The youngest of children can already write
Children begin writing before they can spell words. First, we have their emergent writing which includes marks, scribbles and letter strings [LINK]. Then we have ‘kid writing’. This is a mixture of marks and conventional ‘adult writing’ [LINK]. Children use marks when they don’t know and ‘adult writing’ when they do know.
Take this example.

This child’s writing shows their developing understanding of spelling. They are showing us that they do know:
- How to write initial and some final consonant sounds
- They can write phonetically plausible spellings like D-nosaw
- They are conscientious in identifying and copying the spellings of high-frequency words from the word wall.
- The child has the confidence to use the vocabulary they really want to use (dinosaur) rather than ‘playing it safe’ by using a simpler word (cat).
What they are showing us they don’t know yet:
- They struggle with vowels in more complex words, using their ‘kid writing’ for the missing sounds.
Here’s another example:

They are showing us that they do know:
- How to represent initial consonant blends (e.g. sn- sp-).
- How to hear and record some dominant consonant sounds within words (e.g. -gg).
- How to correctly spell some high-frequency words such as Tom, up, on, and his.
- That they will happily attempt any vocabulary that they really want to use.
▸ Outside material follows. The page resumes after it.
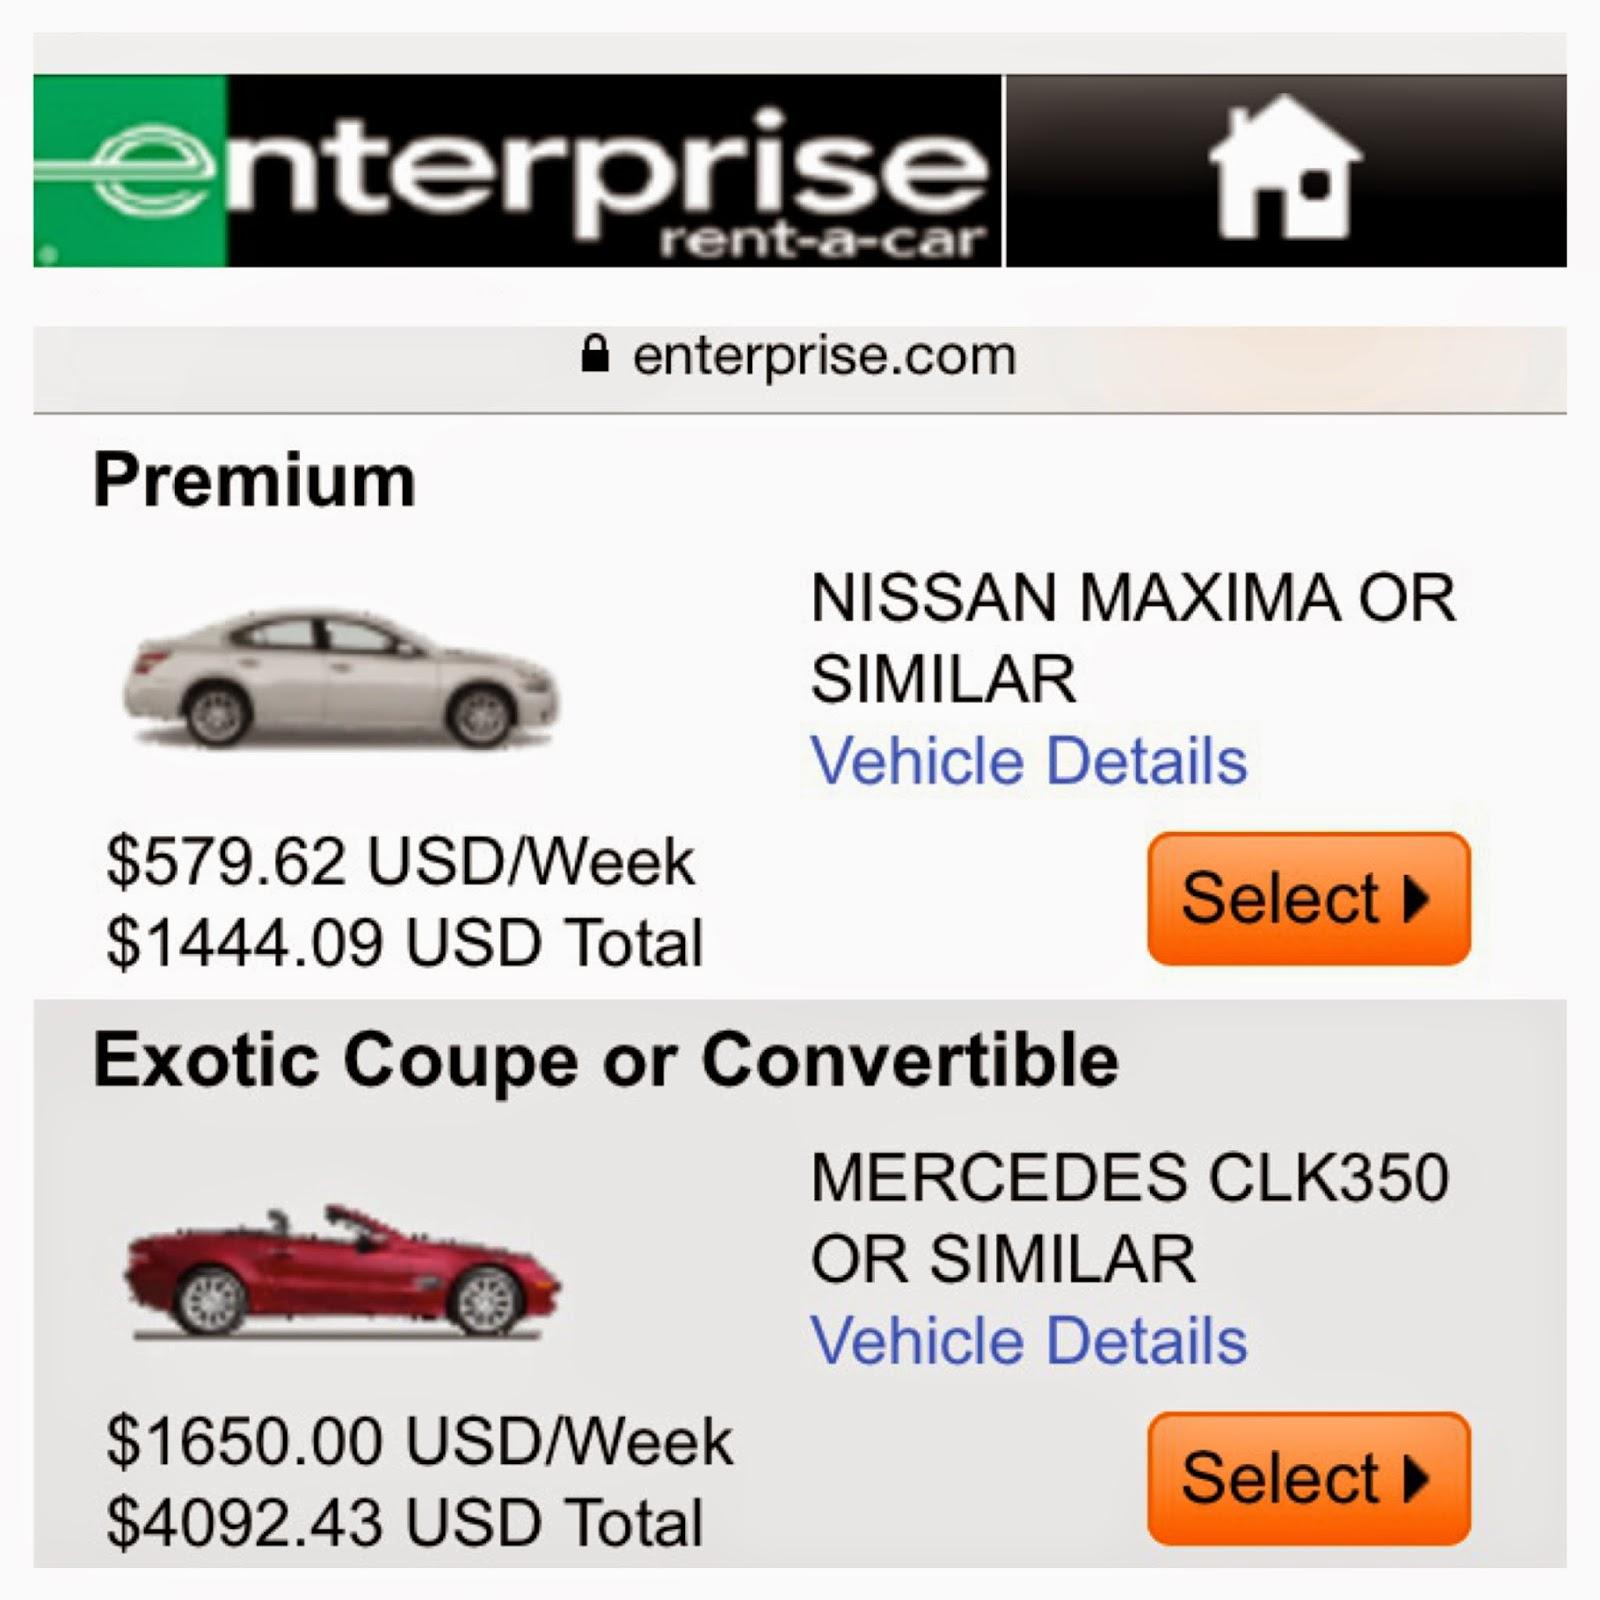 Book Your Next Rental Car Through Costco Travel!

For example, snuggle and special. They do this rather than simplifying their ideas.
This child is demonstrating strong phonemic awareness. They are segmenting words and making deliberate decisions about what ‘adult writing’ they can confidently represent. The use of ‘kid writing’ for unknown sounds shows strategic problem-solving. They are not abandoning the word; they are marking the gap in their knowledge and moving on. This helps them maintain their compositional flow while letting their teacher know what they still need to work on.
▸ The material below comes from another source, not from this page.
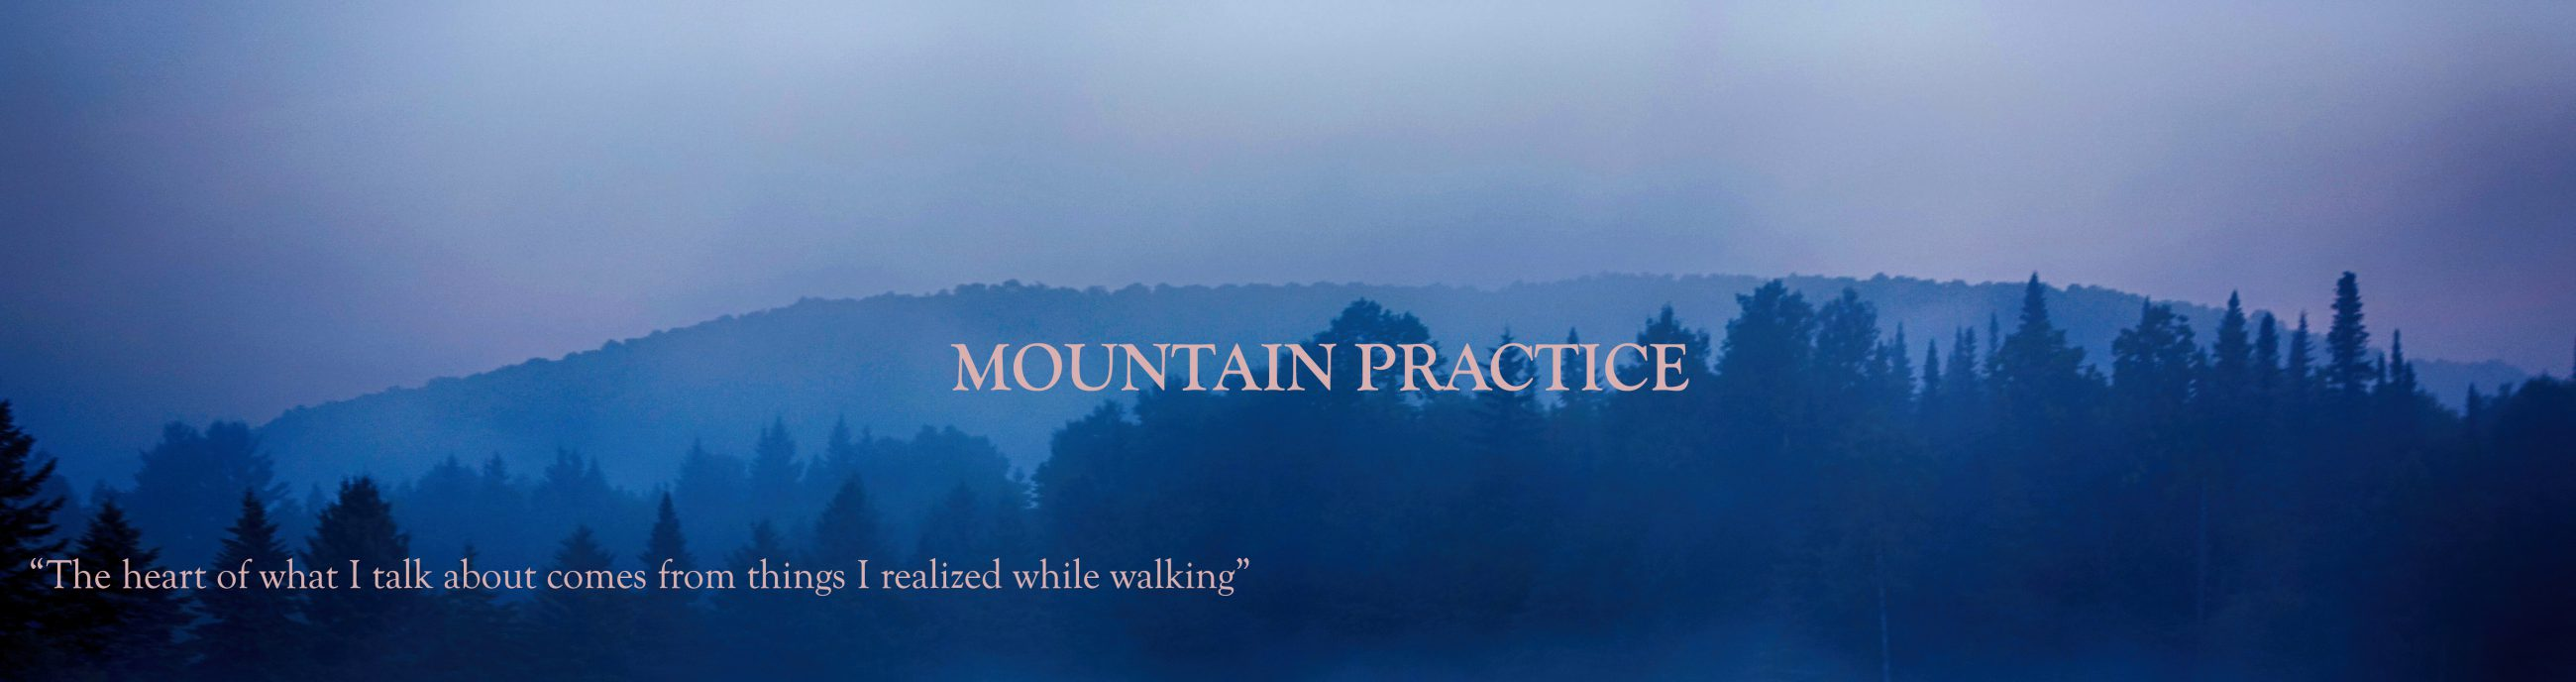 Mountain Practice

Here’s what they are showing us they don’t know yet:
- How to represent vowels within more complex syllables.
- How to map less salient internal sounds in polysyllabic words.
- Conventional spellings for digraphs and suffixes within longer words.
Overall, these pieces reflect children who see themselves as writers. They hold composition and word choice in high regard and use temporary spelling strategies to ensure that their ideas are fully expressed.
If we’d simply asked these children to write down words we already knew they could spell, we would have learnt very little. This ‘kid writing’ is not a collection of random errors. It reflects a child’s ever growing phonological awareness and letter knowledge. This is how early word writing is developed [LINK].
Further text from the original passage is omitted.